Both of the kids learned how to read when they were four. I do not think that is an especially impressive achievement. I think many if not most could do the same with the right encouragement and tools. Kelly and Christian loved to play the Reader Rabbit computer game. We read to them a lot, often repetitively. Kelly memorized The Owl and the Pussycat from hearing it so often when she was three. We worked with the kids to memorize scripture from a very young age. I think all those things worked together to help the kids learn to read pretty early. Watching the kids learn to read was one of the greatest joys of my life. I am not sure about the process through which Kelly passed on her way to reading. I am sure it was gradual, but it seemed like it happened over night. One day she went from quoting poetry we had read her and playing Reader Rabbit to reading Calvin and Hobbes.

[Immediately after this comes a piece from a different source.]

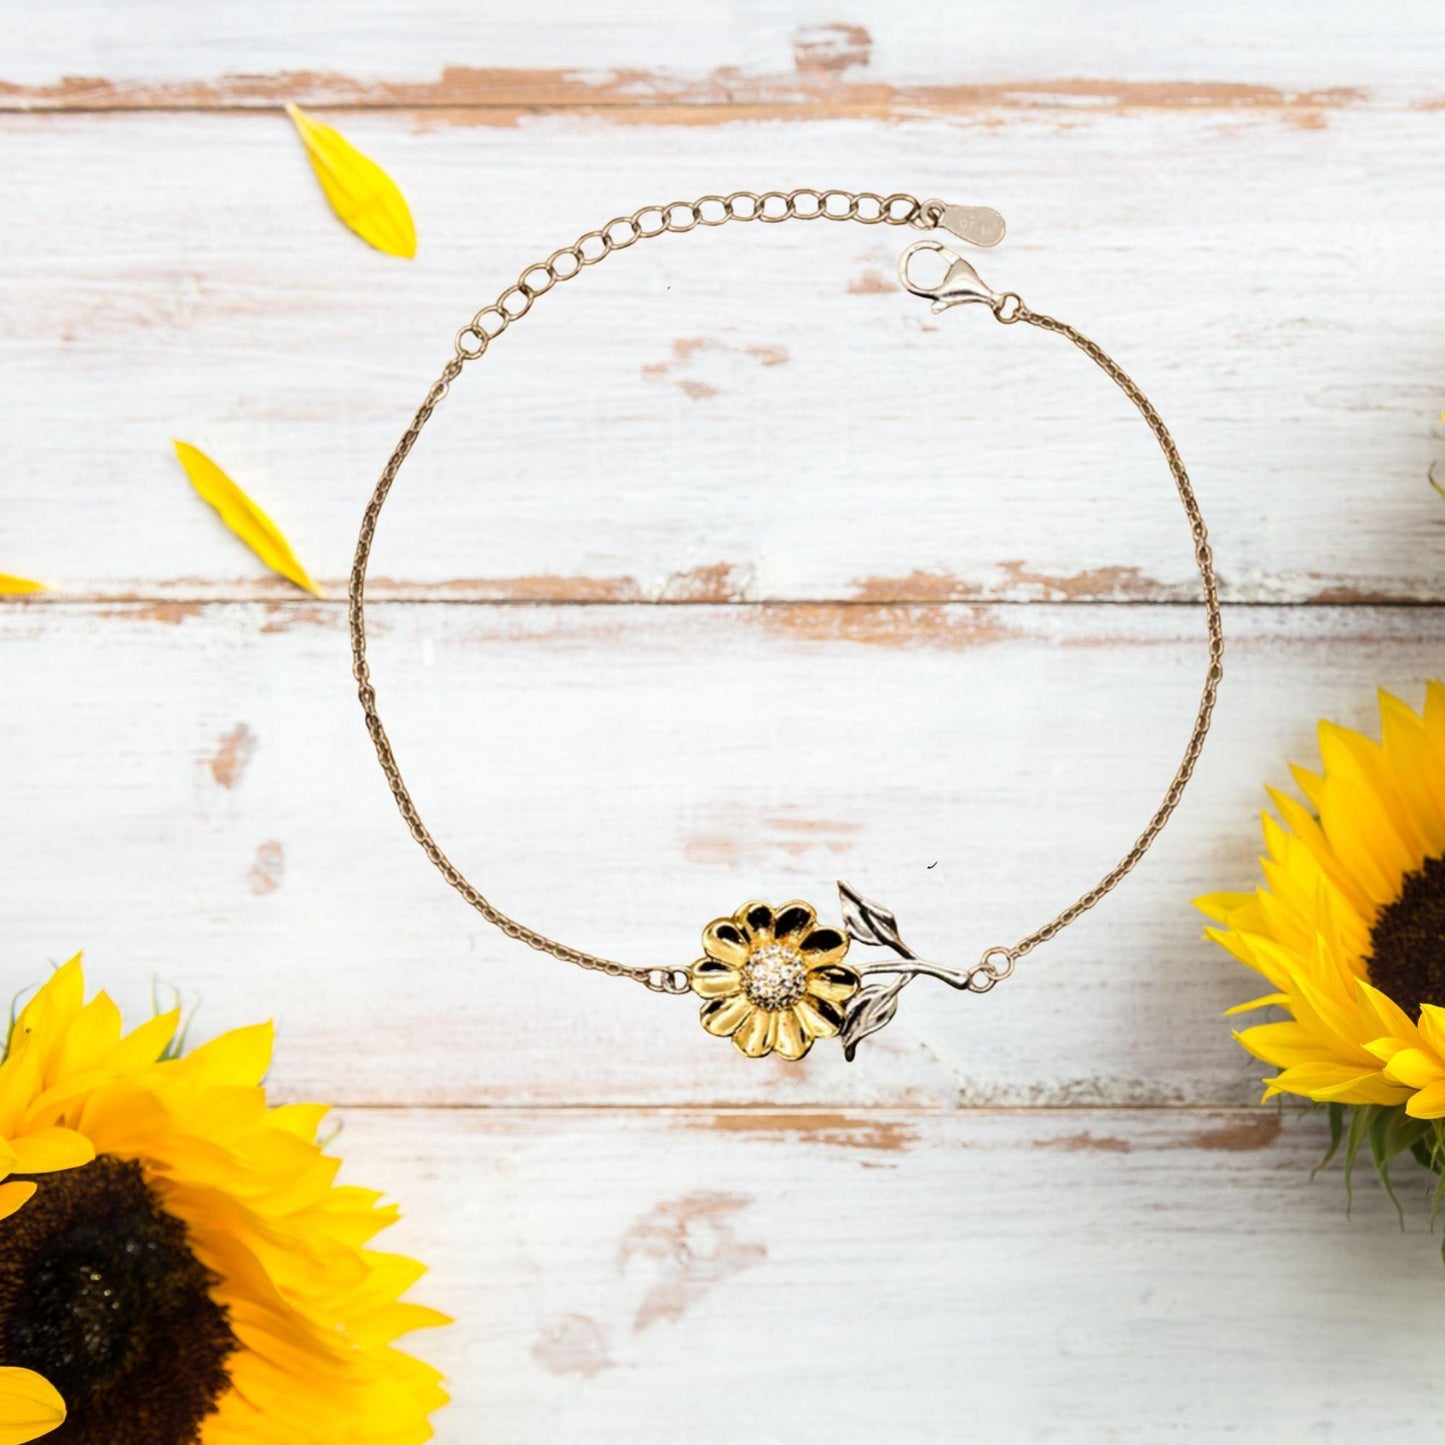 Childcare Worker Sunflower Bracelet - Thanks for being who you are - Birthday Christmas Jewelry Gifts Coworkers Colleague Boss - Mallard Moon Gift Shop

Calvin and Hobbes played a big part in Christian’s path to reading fluency, too, but his path was not as direct as Kelly’s. As far as we could tell, Christian did all the same things as Kelly to give him a base from which to learn. He memorized a lot of scripture, finished two our three Reader Rabbit disks, and listened to an hour or two of read alouds every day. Still, he did not take up reading until we found a mechanism for teaching him. It became very clear that Christian and Kelly learn differently. It might be a left brain, right brain thing. I am not sure. I just know that they learned how to read in very different ways. When Kelly read well at a fairly age, it was such I gift, I wanted Christian to have it too. So, I decided to make a plan.
I wanted the process to be interesting to Christian because I wanted him to have a love for reading. I knew that part of that interest could take the form of he and I spending time together. We both loved that, but that was not really enough. I wanted him to have more than just a desire to spend time with his dad. I wanted him to love reading for reading’s sake. I started through a number of reading programs. The first two or three did not work at all. At that time, we often went to the Christian Supply bookstore in Beaverton, Oregon on Saturdays because they had a very good homeschool section there. I found a set of workbooks called Explode the Code. I bought the first couple of books. I did not have a lot of expectations at the time about whether these would work or not because we had already decided several other systems were too tedious, not effective, or too expensive.
I do not know how well these books will work for other teacher/child combinations, but Explode the Code turned out to be perfect for us. The reason we liked them was because Christian and I could complete two or three pages from one of the books in about fifteen minutes. It was truly amazing. He worked through the first twelve books (1-6.5) in about four months and could read. I sat there for fifteen minutes per day for four months and watched him learn to read. The only thing I added to the process were a few minor prompts and corrections. He did the rest. What a gift. I do not know if that would would work for every child, but I bet it would work for a lot of them. It was a joyful thing for both of us.
After we got through those first twelve books, we switched to Junie B. Jones. He read all of them aloud to me. They were interesting to both of us. In the past, he had leafed through Calvin and Hobbes comic books looking at the drawings. Now he would read them to himself, laugh, and read them to the other members of the family. A lot of the words in Calvin and Hobbes were big ones, so he did not always read them correctly. Sometimes, the thing he laughed about was not really the point of the strip. Still, both Kelly and Christian read both Calvin and Hobbes and Foxtrot comic books a lot. I think it was tremendously beneficial for their reading fluency. More than that, they had something they truly loved to read.
Imagine how much more useful education would take place in America if every child had someone who was willing to sit with them for fifteen minutes per day for six months and listen to them read. I honestly believe that is all it would take for the vast majority of children to read fluently. I think the fact that an interested adult is looking on is more important than the method used. We have some friends who are about the age of my parents who visited a public school close to them after their retirement three days per week to listen to kids read. I do not know why any parent would not want to do that for their child. If there was ever a win-win situation, this is it.